Она посмотрела на меня между пальцев, успокоилась, вспыхнула, улыбнулась.

— Ни за что, это подарок.

Люсиль Моргенбессер взглянула на свои часы.

— Мама, если я тебе больше не нужна, я побегу.

— А как же шампанское? — сказал Гамбургер.

— В другой раз.

— У нее лекция в Новом институте социальных исследований, — гордо объявила Перльмуттер. — «Сафо, Левит и границы веры». Беги, дорогая, беги. Я разорвал объявление о закрытии спектакля и сунул обрывки в карман.

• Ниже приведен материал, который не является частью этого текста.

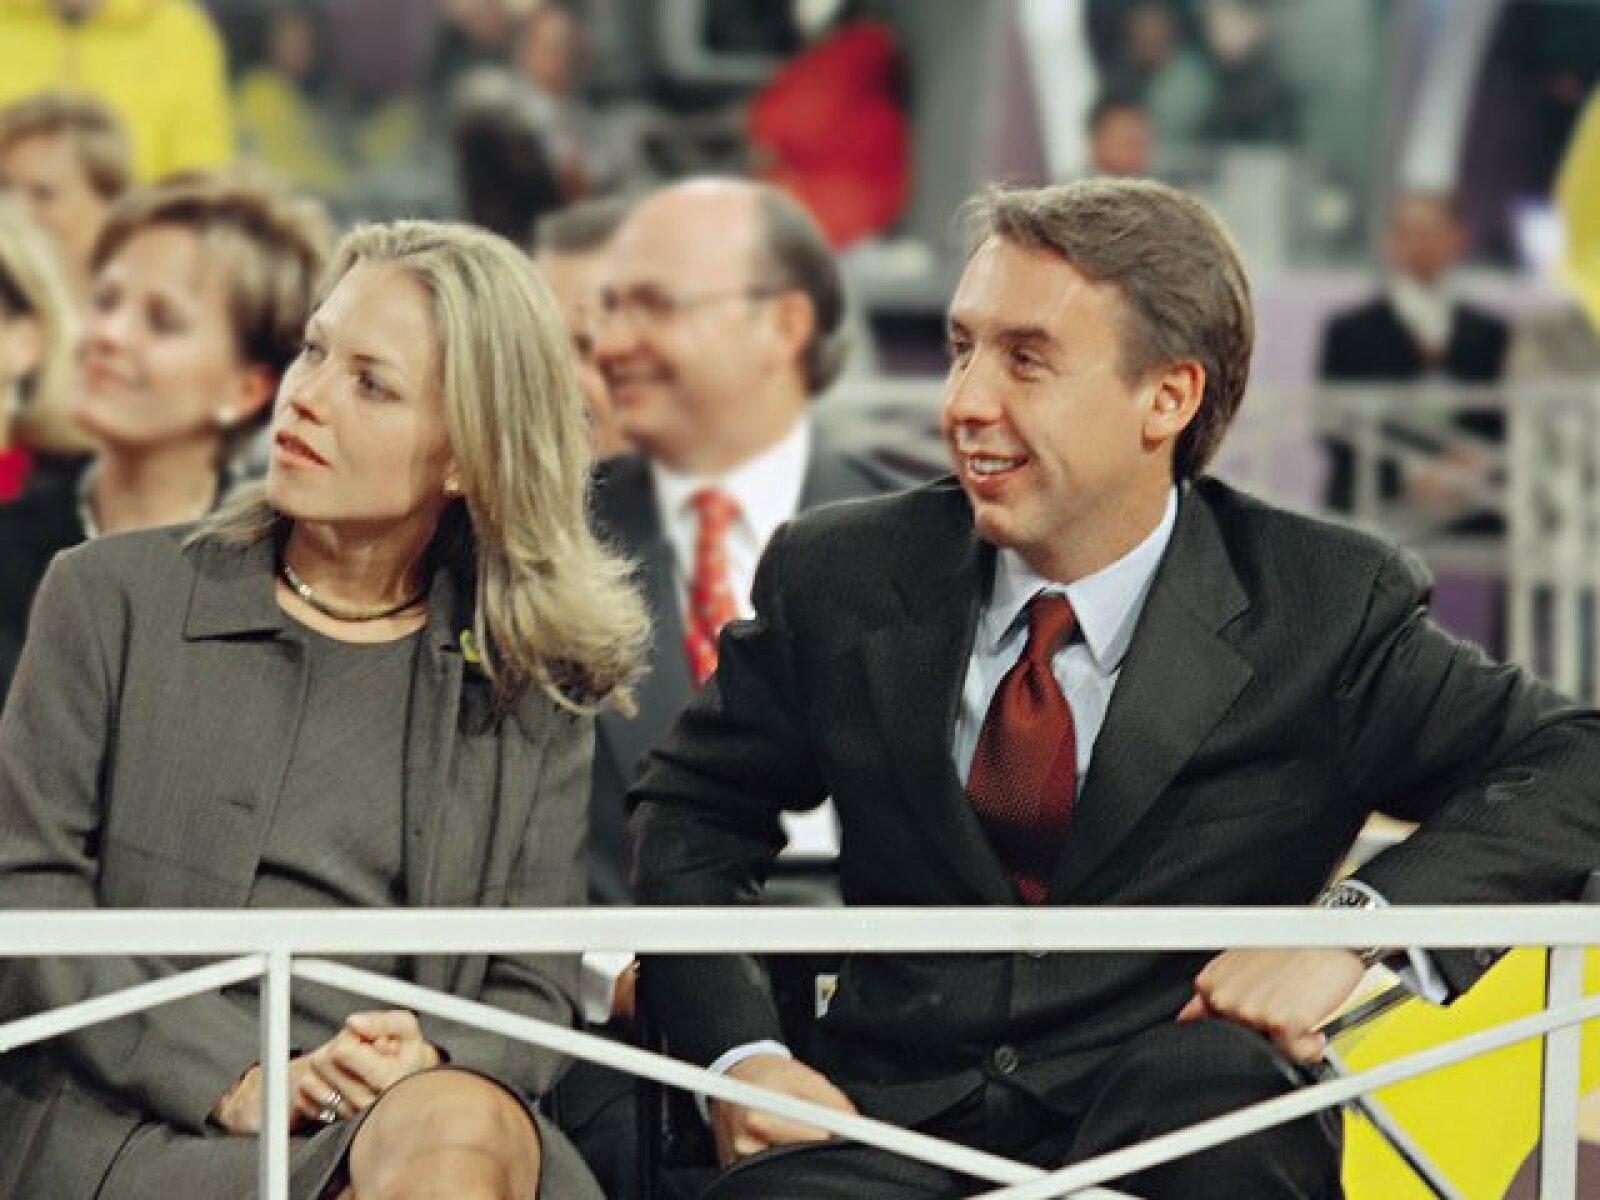 Emilio Azcarraga Jean y Alejandra de Cima dieron el sí el 22 de octubre de 1999 y en 2001 se divorcaron.  Ambos tienen nuevas parejas, él está casado con Sharon Fastlicht, ella entabla una relación amorosa con Olaf Petersen.
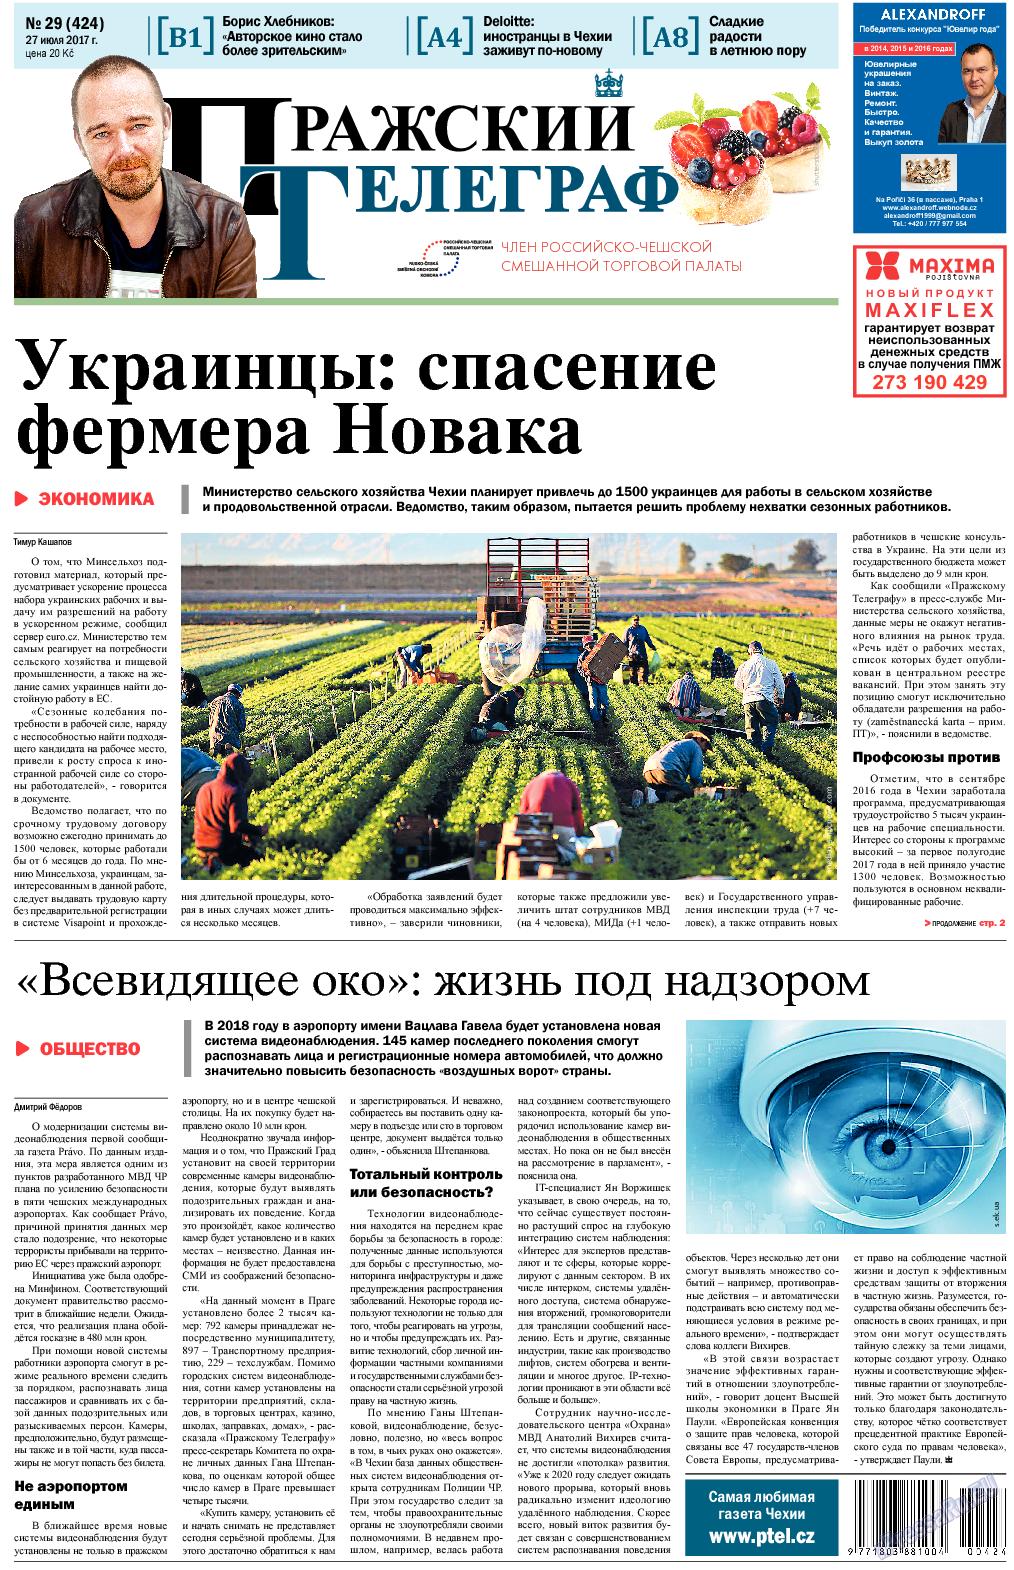 Пражский телеграф (газета). 2017 год, номер 29, стр. 1

Возвращение Гермионы Перльмуттер оживило труппу — укол адреналина, на котором мы провели сегодня репетицию как бывалые актеры. Мы репетировали 5-ю сцену 4-го акта, двести пятнадцать строк, полных драматического напряжения и сложно переплетенных индивидуальных эмоций. С начальной реплики Гертруды: «Я не хочу с ней говорить» — стало ощутимым присутствие электричества в атмосфере. Перльмуттер, в стеганом красном халате, словно всю жизнь готовилась к этой роли. Фредди Блум перестал ломаться, принимать мелодраматические позы и проник в самое душу загнанного в угол короля, разоблаченного, внутренне корчащегося, но усилием воли сохраняющего невозмутимый вид. Даже Милош Пастернак, дворянин-вестник, до сих пор произносивший свои одиннадцать строк монотонно, с нервирующими интонациями нижнего Ист-сайда 1910-х годов, сумел убедительно передать тревогу: «Спасайтесь, государь!» — когда опустился перед королем на колено, указывая на кулисы так, словно оттуда должны были появиться фурии, а не Лаэрт.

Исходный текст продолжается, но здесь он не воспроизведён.